Every embedded scenario is different, but many require real-time guarantees. It comes down to interrupt latency: the hypervisor has to be able to deliver interrupts to virtual machines within a very small timeframe. The maximum tolerable lag changes on a case by case basis, but it should be in the realm of nanoseconds and microseconds, not milliseconds.
Xen on ARM meets these requirements in a few different ways. Firstly, Xen comes with a flexible scheduler architecture. Xen includes a set of virtual machine schedulers, including RTDS, a soft real-time scheduler, and ARINC653, a hard real-time scheduler. Users can pick the ones that perform best for their use-cases. However, if they really care about latency, the best option is to have no schedulers at all and use a static assignment for virtual cpus to physical cpus instead. There are no automatic ways to do that today, but it is quite easy to achieve with the vcpu-pin command:

Usage: xl vcpu-pin [domain-id] [vcpu-id] [pcpu-id]

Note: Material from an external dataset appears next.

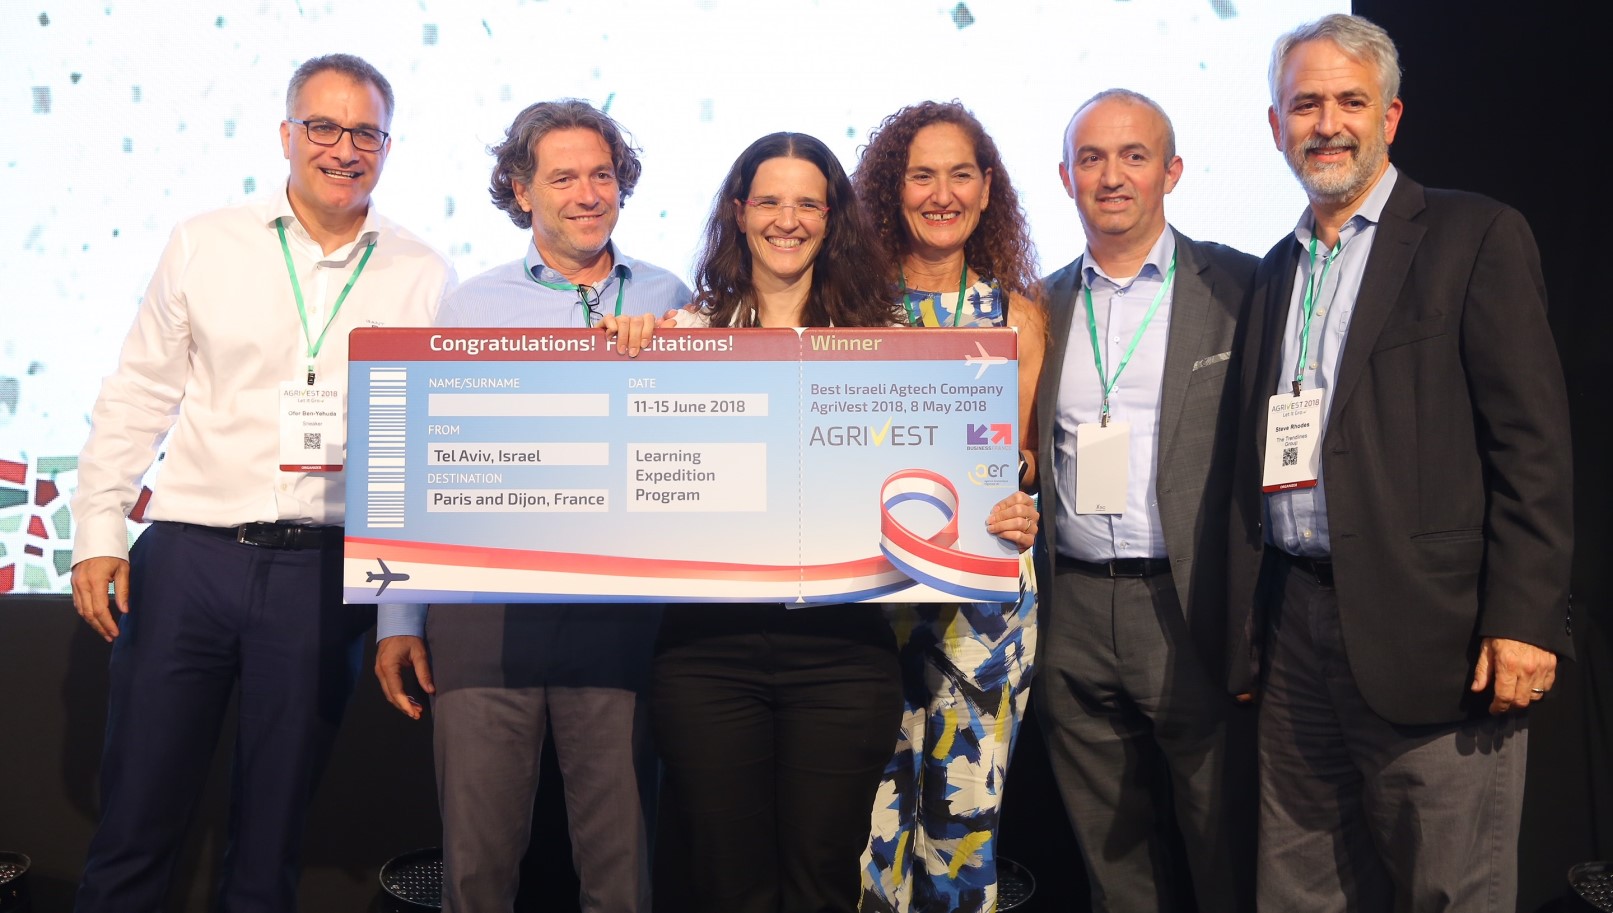 WeedOUT CEO Efrat Lidor, third from left, accepting the top prize in the Best Israeli Agtech Company Competition at AgriVest 2018 from Ofer Ben-Yehuda (Shibolet), Oded Distel (Israel NewTech), Nitza Kardish (Trendlines), Gideon Soesman (GreenSoil) and Steve Rhodes (Trendlines). Photo by Yanai Rubaja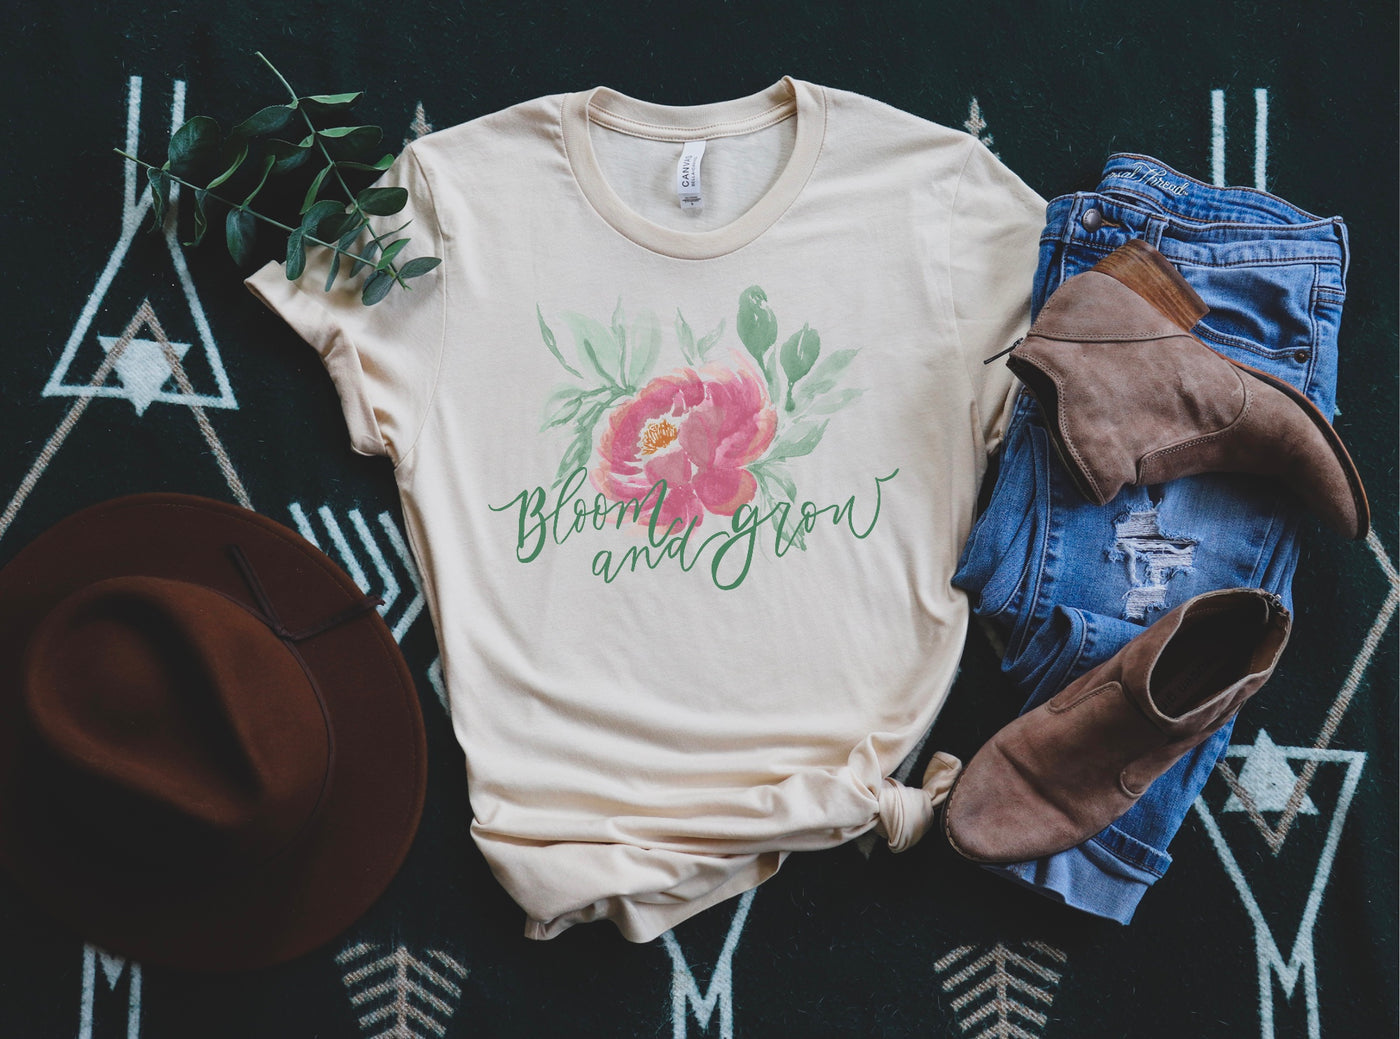 Baby pink Tee with graphic has a watercolor style pink flower with green leaves and the words Bloom and Grow in green.

For example, in a system with four physical cpus and two domains with two vcpus each, a user can get a static configuration with the following commands:

xl vcpu-pin 0 0 0
xl vcpu-pin 0 1 1
xl vcpu-pin 1 0 2
xl vcpu-pin 1 1 3

As a result, all vcpus are pinned to different physical cpus. In such a static configuration, the latency overhead introduced by Xen is minimal. Xen always configures interrupts to target the cpu that is running the virtual cpu that should receive the interrupt. Thus, the overhead is down to just the time that it takes to execute the code in Xen to handle the physical interrupt and inject the corresponding virtual interrupt to the vcpu.
For my measurements, I used a Xilinx Zynq Ultrascale+ MPSoC, an excellent board with four Cortex A53 cores and a GICv2 interrupt controller. I installed Xen 4.9 unstable (changeset 55a04feaa1f8ab6ef7d723fbb1d39c6b96ad184a) and Linux 4.6.0 as Dom0. I ran tbm as a guest, which is a tiny baremetal application that programs timer events in the future, then, after receiving them, checks the current time again to measure the latency. tbm uses the virtual timer for measurements, however, the virtual timer interrupt is handled differently compared to any other interrupts in Xen. Thus, to make the results more generally applicable, I modified tbm to use the physical timer interrupt instead. I also modified Xen to forward physical timer interrupts to guests.
Keeping in mind that the native interrupt latency is about 300ns on this board, these are the results on Xen in nanoseconds:

AVG  MIN  MAX  WARM_MAX
4850 4810 7030 4980

AVG is the average latency, MIN is the minimum, MAX is the maximum and WARM_MAX is the maximum latency observed after discarding the first few interrupts to warm the caches. For real-time considerations, the number to keep in mind is WARM_MAX, which is 5000ns (when using static vcpu assignments).
This excellent result is small enough for most use cases, including piloting a flying drone. However, it can be further improved by using the new vwfi Xen command line option. Specifically, when vcpus are statically assigned to physical cpus using vcpu-pin, it makes sense to pass vwfi=native to Xen: it tells the hypervisor not to trap wfi and wfe commands, which are ARM instructions for sleeping. If no other vcpus can ever be scheduled on a given physical cpu, then we might as well let the guest put the cpu to sleep. Passing vwfi=native, the results are:

AVG  MIN  MAX  WARM_MAX
1850 1680 2650 1950

With this configuration, the latency is only 2 microseconds, which is extremely close to the hardware limits, and should be small enough for the vast majority of use cases. vwfi was introduced recently, but it has been backported to all the Xen stable trees.
In addition to vcpu pinning and vwfi, the third key parameter to reduce interrupt latency is unexpectedly simple: the DEBUG kconfig option in Xen. DEBUG is enabled by default in all cases except for releases. It adds many useful debug messages and checks, at the cost of increased latency. Make sure to disable it in production and when doing measurements.

Read more

Xen Project Announces Performance and Security Advancements with Release of 4.19
08/05/2024

New release marks significant enhancements in performance, security, and versatility across various architectures.  SAN FRANCISCO – July 31st, 2024 – The Xen Project, an open source project under the Linux Foundation, is proud to announce the release of Xen Project 4.19. This release marks a significant milestone in enhancing performance, security,

Upcoming Closure of Xen Project Colo Facility
07/10/2024

Dear Xen Community, We regret to inform you that the Xen Project is currently experiencing unexpected changes due to the sudden shutdown of our colocated (colo) data center facility by Synoptek. This incident is beyond our control and will impact the continuity of OSSTest (the gating Xen Project CI loop)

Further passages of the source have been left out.